Cellular internalization of SARS-CoV-2 into A549 cells. After assessing the interaction of SARS-CoV-2 with the SDC4 ectodomain, we conducted studies on A549 cells, a human airway epithelia with a reportedly low level of endogenous ACE2 expression65. As transfection of ACE2 did not render to A549 cells to support SARS-CoV replication, A549 cells offer an ideal cellular model to study novel pathways for coronavirus entry69. Exploration of the SDC expression profile showed modest, yet detectable levels of SDCs in A549 cells (Figs. 3a and b). In terms of ACE2 expression, A549 cells express significantly less ACE2 then WT K562 cells, yet internalize heat-inactivated SARS-CoV-2 more efficiently (Figs. 3e-i), suggesting that ACE2 independent cellular modalities are also involved in the cellular uptake of SARS-CoV-2. Considering A549 cells’ richer expression of SDCs (Figs. 3c and d), along with previous findings of increased SARS-CoV-2 uptake due to SDC overexpression, we also explored the involvement of SDCs in SARS-CoV-2 uptake on A549 cells. Imaging flow cytometry and confocal microscopy analyses demonstrated the high colocalization of SDCs with SARS-CoV-2 (Figs. 4a and b). ACE2, the established receptor for SARS-CoV- 2 also showed high colocalization with the virus in uptake studies on A549 cells (Figs. 4a and b). The next steps showed that ACE2 and SDCs colocalize during SARS-CoV-2 uptake, suggesting that ACE2 and SDCs collaborate in mediating SARS-CoV-2 internalization (Figs. 4c and d). Co-IP studies also confirmed SARS-CoV-2 binding SDC4, but also ACE2 (Supplementary Fig. S6).

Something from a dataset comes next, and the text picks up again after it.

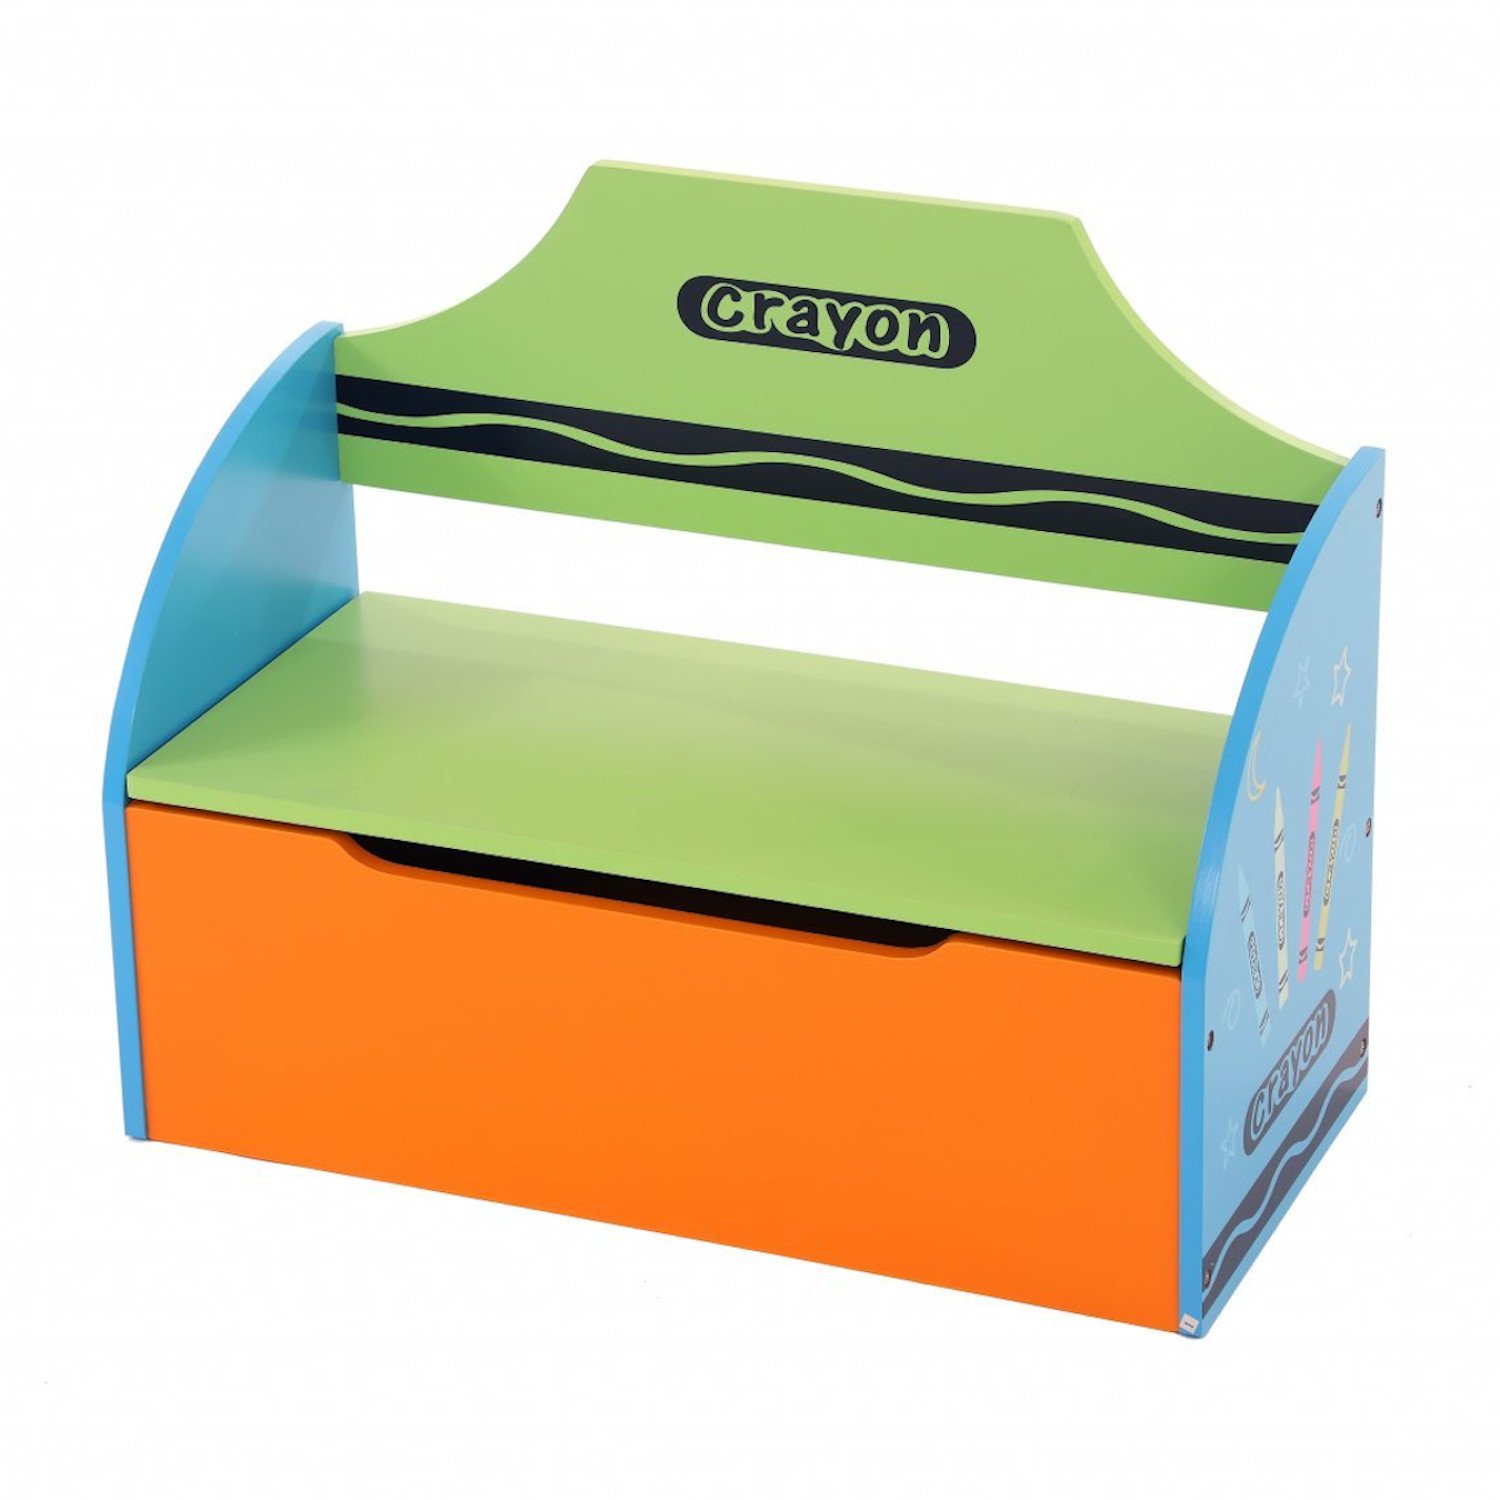 Childrens Wooden Crayon Toy Storage Unit Box Bench
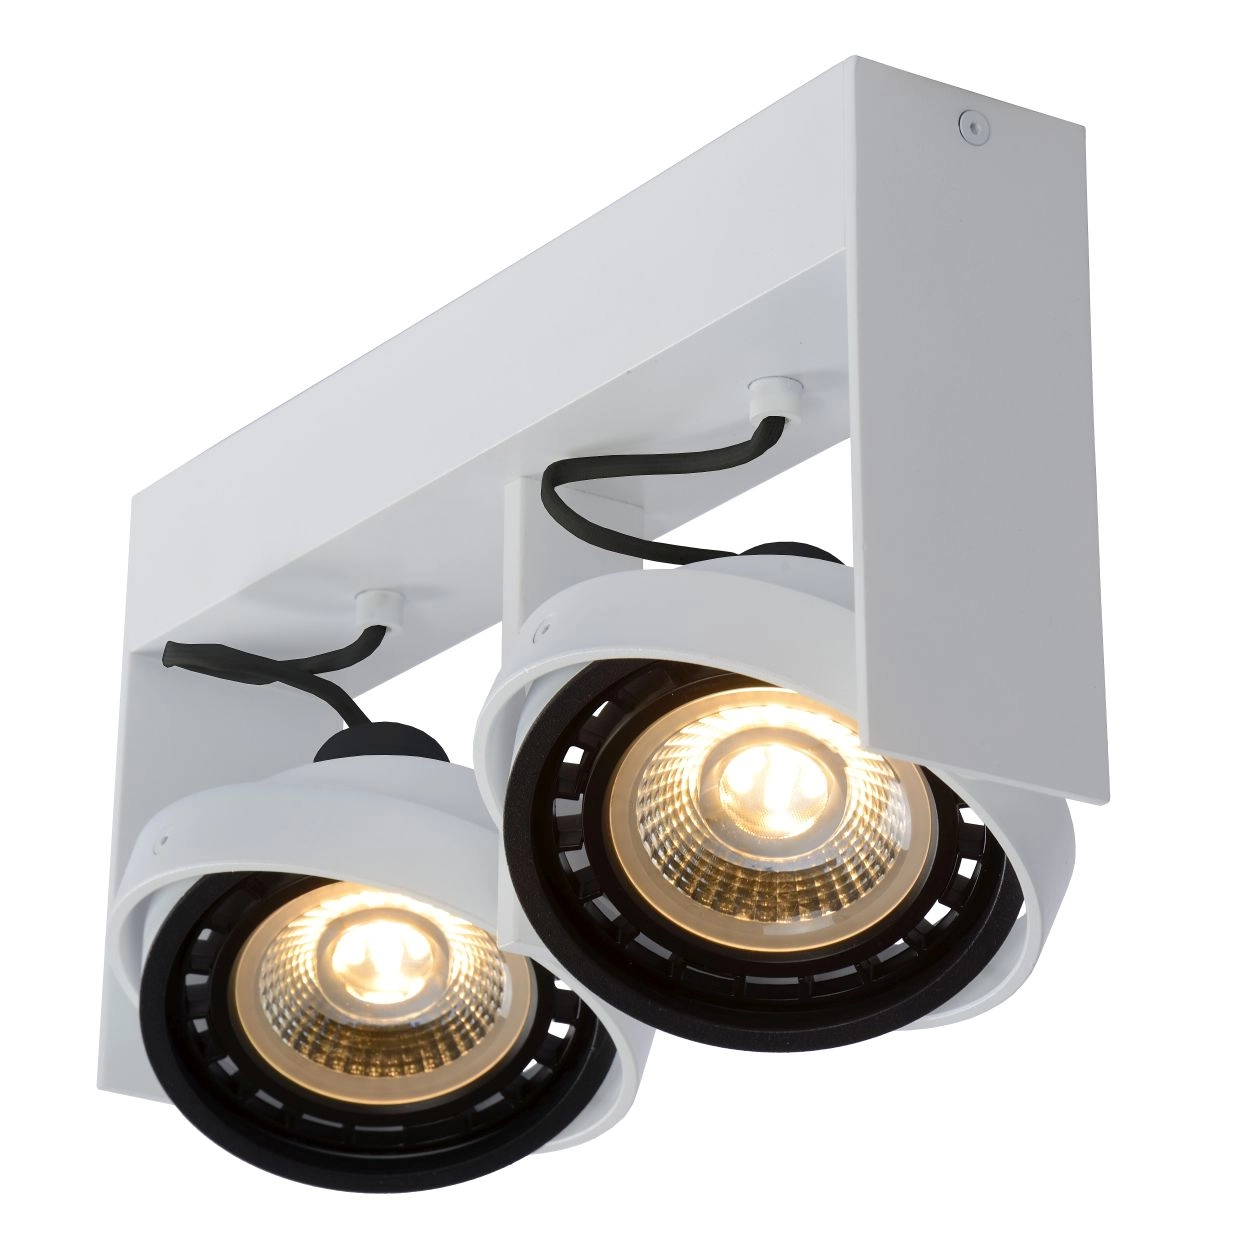 LU 22969/24/31 Lucide GRIFFON - Ceiling spotlight - LED Dim to warm - GU10 (ES111) - 2x12W 2200K/300

SDCs facilitate cellular uptake of the SARS-CoV-2 spike protein S1 subunit. To widen the understanding of SARS-CoV-2’s complex cellular entry, we also explored the cellular interactions of the SARS-CoV-2 spike protein S1 subunit (spikeS1), responsible for mediating attachment to host cells. At first, we explored the potential cellular uptake of spikeS1 into SDC transfectants created in K562 cells. Just like in the case of heat-inactivated SARS-CoV-2, SDC transfectants with an equal amount of HS expression were selected and, along with WT K562 cells, treated with spikeS1. After 18 h of incubation, cellular uptake was detected by incubating the spikeS1-treated, fixed and permeabilized cells with fluorescently (FITC) labeled antibody specific for the N-terminal His-tag of the recombinant spikeS1. For imaging flow cytometry analyses, extracellular fluorescence of surface-attached spikeS1 was removed with trypsinization (according to the method described by Nakase et al.)67. Imaging flow cytometry analyses revealed increased uptake of spikeS1 into SDC lines (Figs. 5a-c). Among SDCs, SDC4 significantly increased the uptake of spikeS1 (p<0.01). (Incubating the cells with the fluorescently labeled anti-His tag antibodies without spikeS1 pretreatment did not induce any difference in fluorescence among the applied K562 cells and SDC transfectants, showing that no unspecific binding influenced the detected fluorescence intensities in spikeS1-treated cells [Supplementary Fig. S7]). Colocalization studies revealed a significant degree of colocalization between spikeS1 and SDC4, suggesting the same route SDC4 and spikeS1 follow during cellular entry (Figs. 5d and e). Namely, both the BDS and the MOC for SDC4 and spikeS1 were around 3 and 0.8, respectively, hence indicating significant colocalization (Figs. 5d and e).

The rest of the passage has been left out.